Aim 1: Evaluation of mandibular anterior alveolar bone before orthodontic treatment
Committee on Human Research (CHR) approval was obtained from the Institutional Committee on Human Research (IRB 10-00564). Pretreatment CBCT images of 75 non-growing individuals, 25 in three groups: low-angle (sella-nasion to mandibular plane (SN-MP) ≤28°), average-angle (30°–37°), and high-angle (≥39°), were analyzed. Consent to use individual CBCT data for research was obtained at the time of taking the CBCT. Buccolingual bone thickness was measured at the root apex, mid-root, and alveolar crest of the mandibular right central incisor. Inclusion criteria were non-growing, no orthodontic treatment before the initial CBCT scan, and no recorded craniofacial anomaly.
Using Anatomage Invivo5 CBCT software, sagittal slices were taken of the CBCT image through the middle of the root canal, at the midpoint of the long axis of the right central incisor (Fig. 1). From the sagittal slice of the center of the incisor, pretreatment measurements were taken for the buccolingual width at the apex and the alveolar crest (Fig. 2).

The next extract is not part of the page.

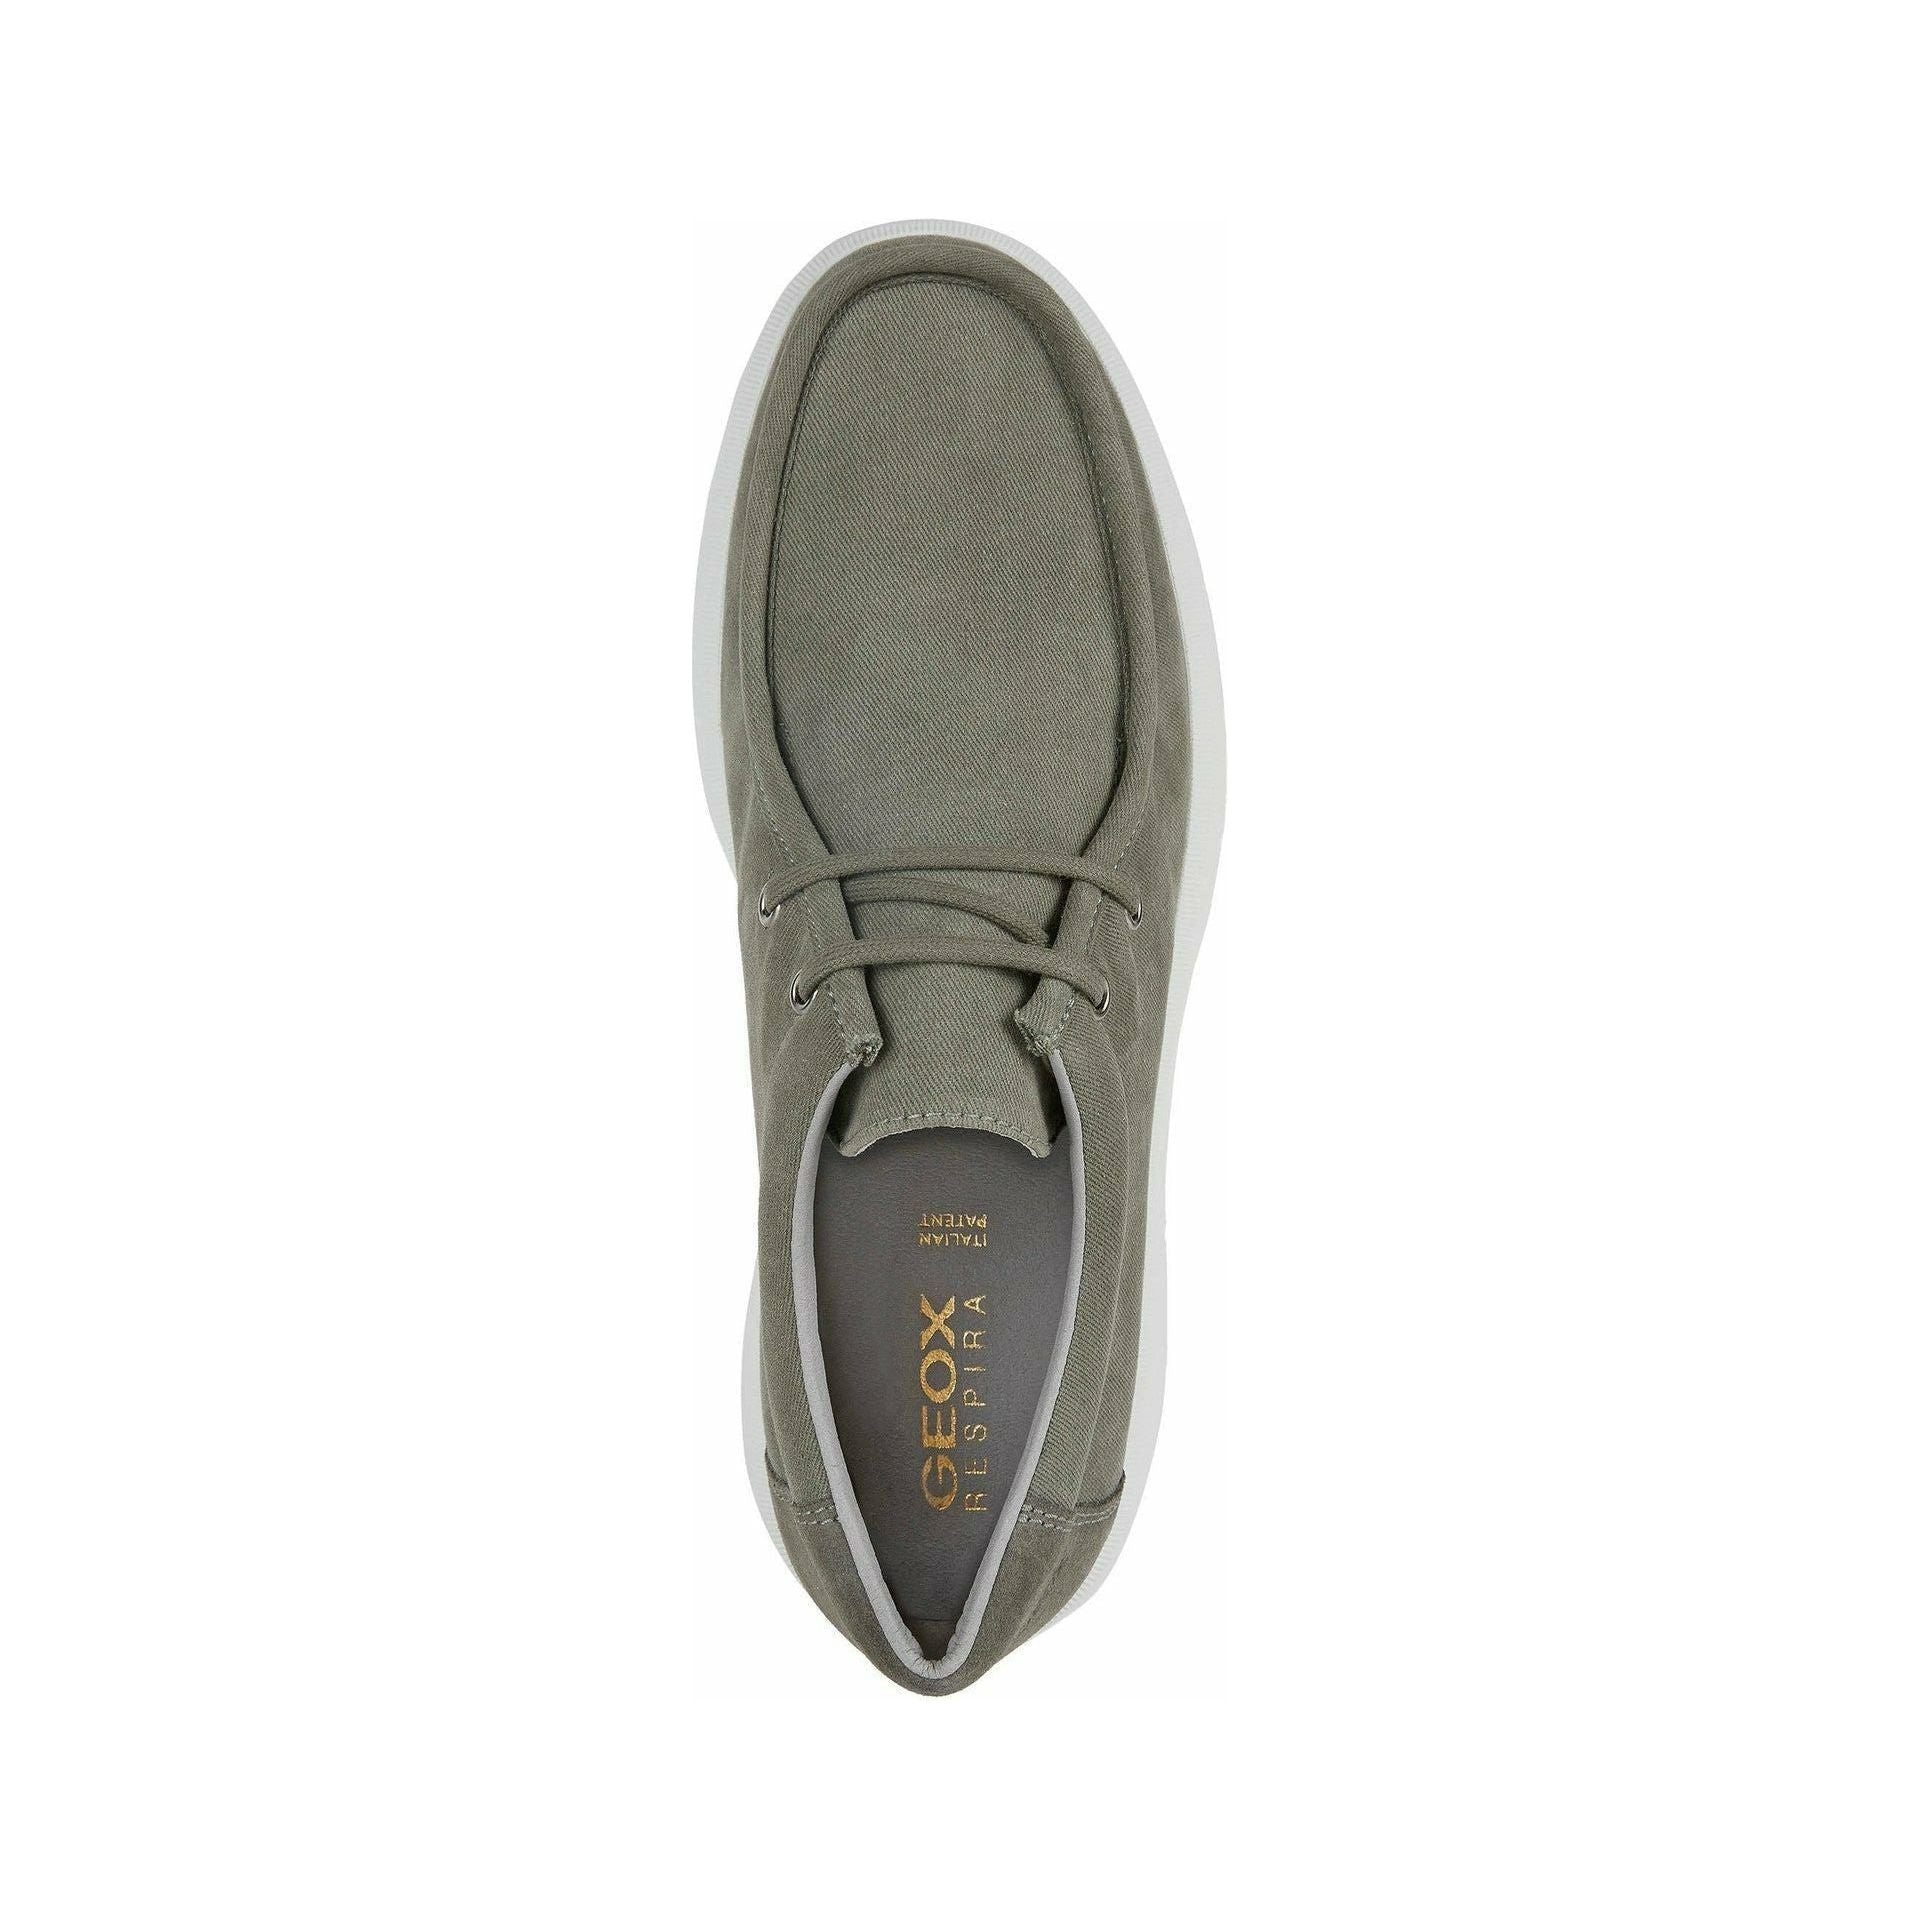 Geox Errico - Men's Canvas Lace Shoe in Olive | Geox Shoes | Wisemans | Bantry | West Cork | Munster | Ireland
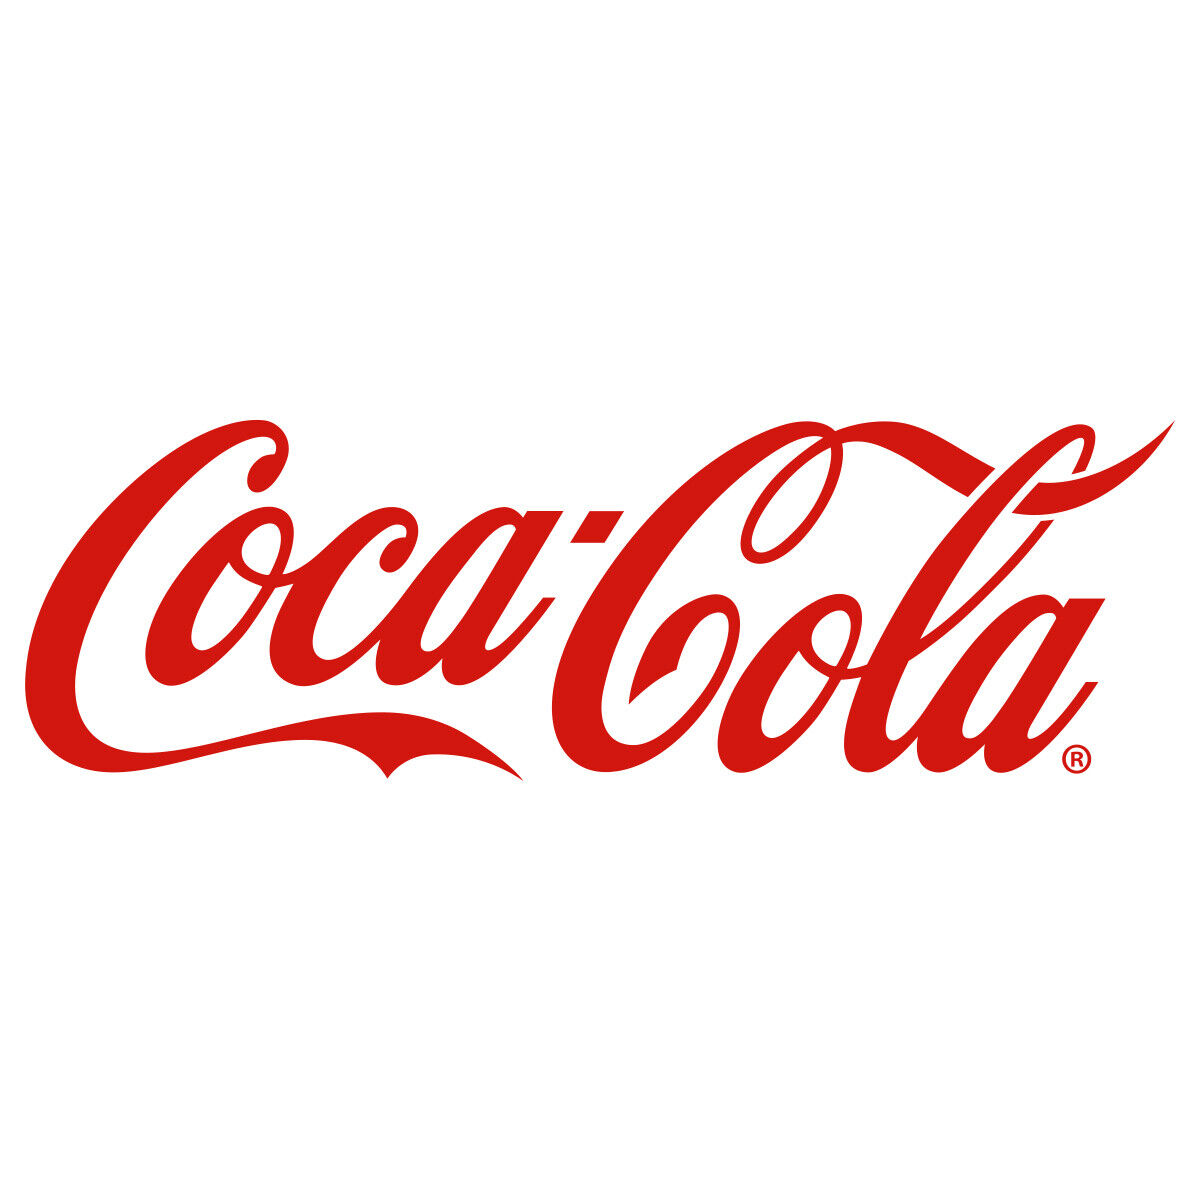 Coca-Cola Script Logo Cut Out Decal 1910s Style Officially Licensed by Coca-Cola

Reproducibility measurement
To test observer reliability, the measurements were repeated for ten subjects in each group, 1 month apart by the same investigator. The small difference in the measurements at the two observation times indicated reproducibility of the method.
Statistical analysis
The F test, or one-way analysis of variance (ANOVA), was used for statistical analysis. The means and standard deviations of each value were also calculated. When ANOVA was significant at 95 %, the Bonferroni correction was applied to verify where the statistically significant differences were correlated.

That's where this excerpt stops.